George described three phases in that thinking. Before ChatGPT, after a16z had invested in OpenAI, there were moments when the firm thought model companies would be everything and application companies would disappear. Then the pendulum swung toward the idea that application companies would exist everywhere and model companies would become APIs. Now, George said, model companies are “legging their way up into the application” because applications are their largest path to stickiness.

The rule George emphasized for evaluating companies now is whether they are “in the token path.” That means being part of the flow of AI usage and spending rather than being a prior-generation software product adjacent to it. Buyers are already feeling cost pressure from AI, he said, and they will not keep increasing budgets for older software categories in the same way. Those budgets cannot cover the growth in AI costs. The money may have to come from higher prices businesses can charge or from restructuring labor costs.

The biggest unknown, George said, is the market structure of the model companies. If only a couple of companies remain at the frontier, token prices are likely to be higher. If five companies are at the frontier, prices are likely to be lower. Lower token prices would likely be better for the overall economy because they reduce the pressure to restructure labor as quickly.

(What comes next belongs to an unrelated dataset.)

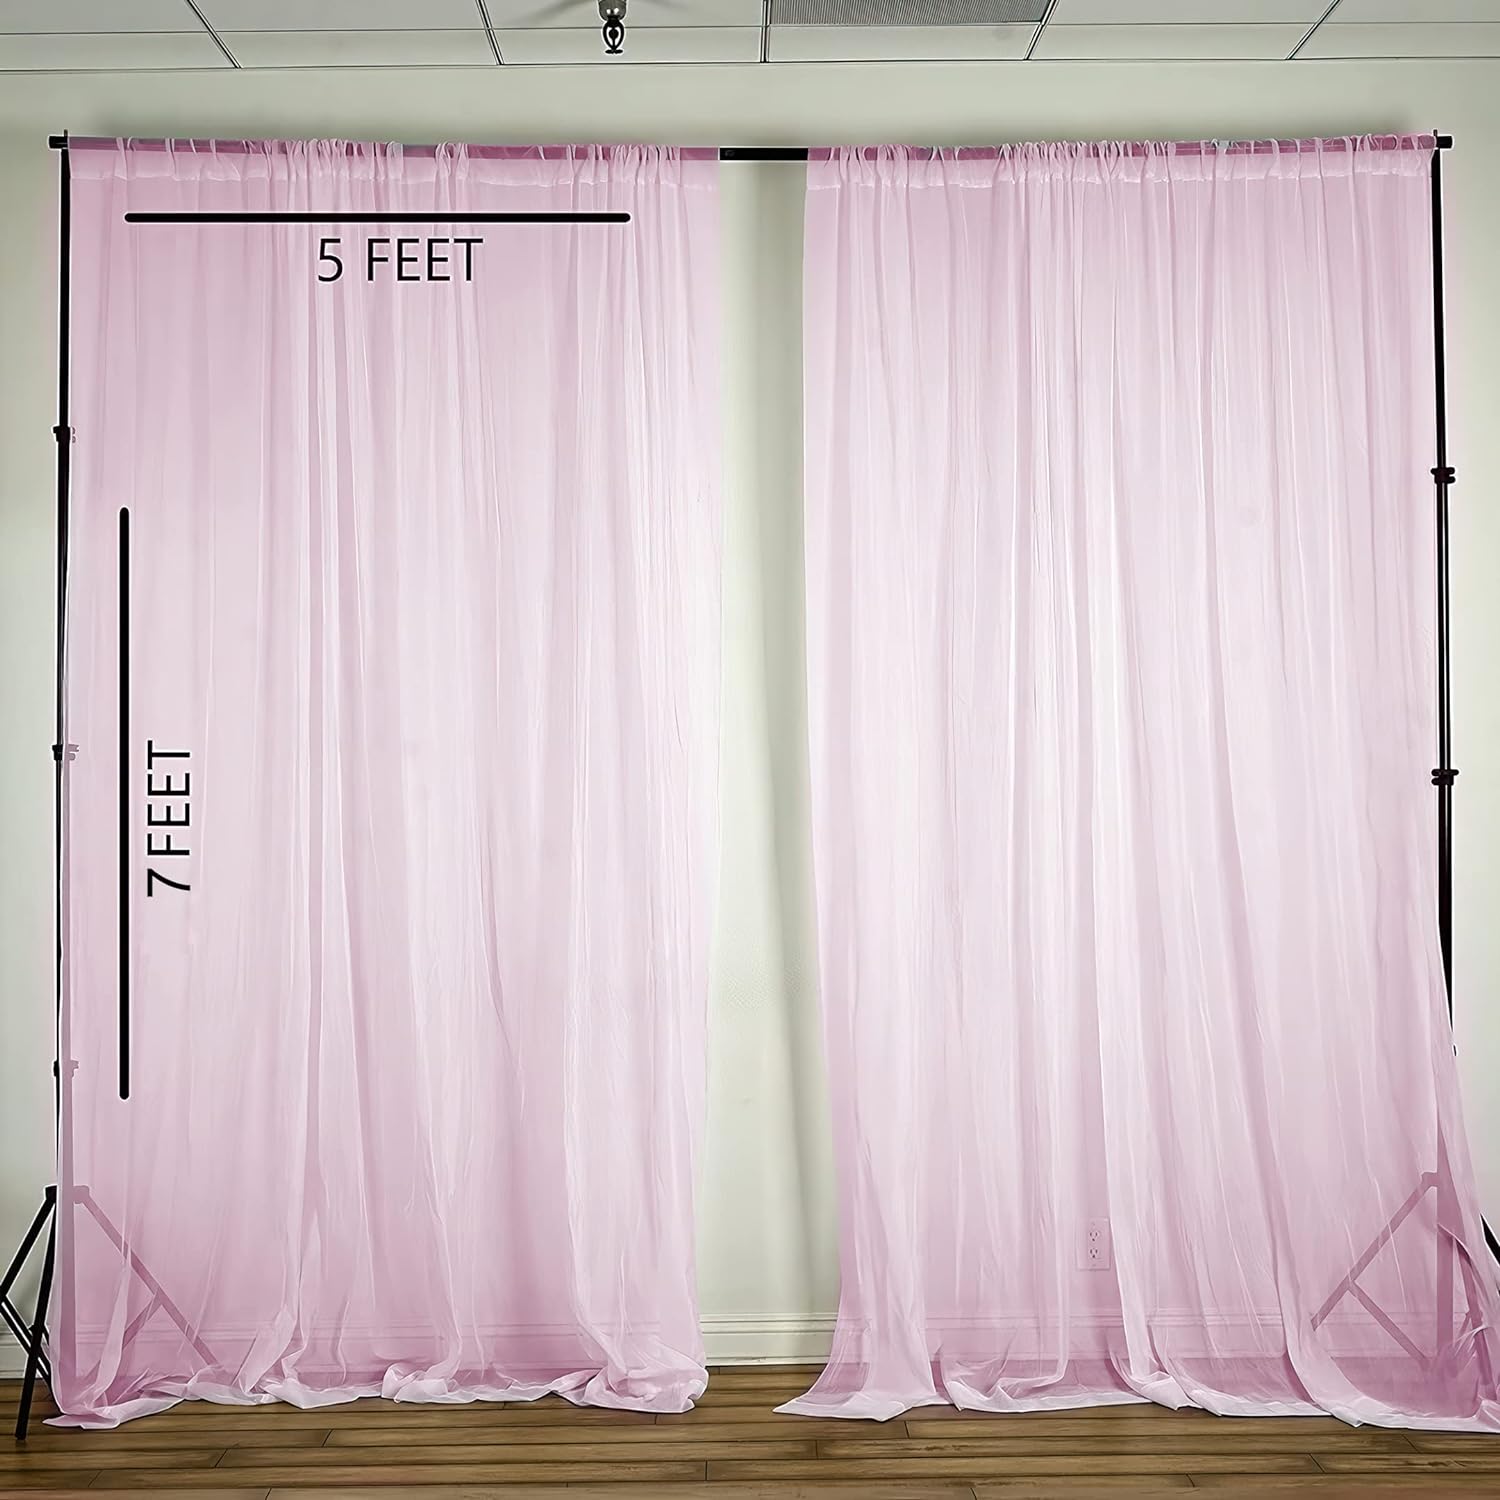 3pcs Pink Curtains to decorate your home

George said the current number of frontier competitors is “smaller” than five, and there is significant inelasticity for frontier intelligence: customers want the best models and are willing to pay. But he also left open several unresolved questions. How much work can be done by previous-generation models? What role will open source play? How much can run locally? How much can be done with small models?

Clark added an international comparison from colleagues in China. He said leading Chinese LLMs appear to be about six months behind U.S. models in capability, but 10x cheaper. That raises an innovator’s dilemma: if a next-level-down model can do 80% of what the frontier model can do at 10% of the cost, it may capture meaningful demand over time as capabilities improve.

George said he has been surprised by how voracious demand remains for the absolute frontier. That may be because the market is not yet in the optimization phase. But he now expects optimization to arrive sooner than he would have thought. Per-token costs, like for like, are falling more than 10x year over year, he said, but demand for frontier tokens is exceeding that decline in dollar terms.

He also flagged model distillation as a key open question for open source. The large model companies do not want their models distilled, but George said it may cost on the order of 2% of a model’s pre-training cost to distill it. If that continues to hold and remains possible, it would bode well for open source. If not, the outlook is weaker.

A low loss ratio would be the wrong sign for early-stage AI investing

Clark compared today’s AI investing environment to a dynamic he saw in 2021. Then, he said, emerging managers often led seed rounds, established firms marked them up six months later, and the loss ratio appeared close to zero. That is not how venture works. Historically, he said, VenCap’s early-stage funds have had about a 60% loss ratio, meaning 60% of deals do not return the invested capital. In AI over the past couple of years, he said, the loss ratio is not zero but is probably in single-digit percentages — and that is not sustainable.

George agreed with the premise and said a16z does not want to target a low loss ratio at the early stage. If the firm had a low loss ratio, it would mean it was not taking enough risk. He said a venture investor who prides himself on never losing money on a deal is not describing good venture performance; Clark joked that this is a private equity firm.

George described a16z’s early-stage philosophy as inherited from Chris Dixon: in any major space with multiple talented entrepreneurs, strong tailwinds, and a favorable view on the technology, the firm should try to back the best founders and the early market leaders. If the space works and the firm has backed the leader, that is excellent. If the space does not work but the firm backed the leader, that is acceptable and part of the business.

The failure case that matters, George said, is when the space works and the firm picked the wrong company. Those are the decisions a16z scrutinizes most closely.

This matters because AI valuations can be simultaneously too high in aggregate and too low for the eventual winners. Clark cited a UK Venture Capital Association conference survey in which 80% of attendees said AI valuations were too high and about 6% said too low. He thought that balance was roughly right: perhaps 80% of AI companies are overvalued because most will not work, while a small subset may be massively undervalued because they will become the leaders and compound far beyond current prices.

George said that is why a16z’s business must be centered on early stage. The firm needs to own the early investments in the companies that work, knowing many will not. At growth stage, the question becomes not just which companies to back, but how much to invest in a given company in a given situation. “Slugging percentage” is heavily discussed in venture, he said, but for a16z the sizing question is equally critical because of the risk dynamic Clark described.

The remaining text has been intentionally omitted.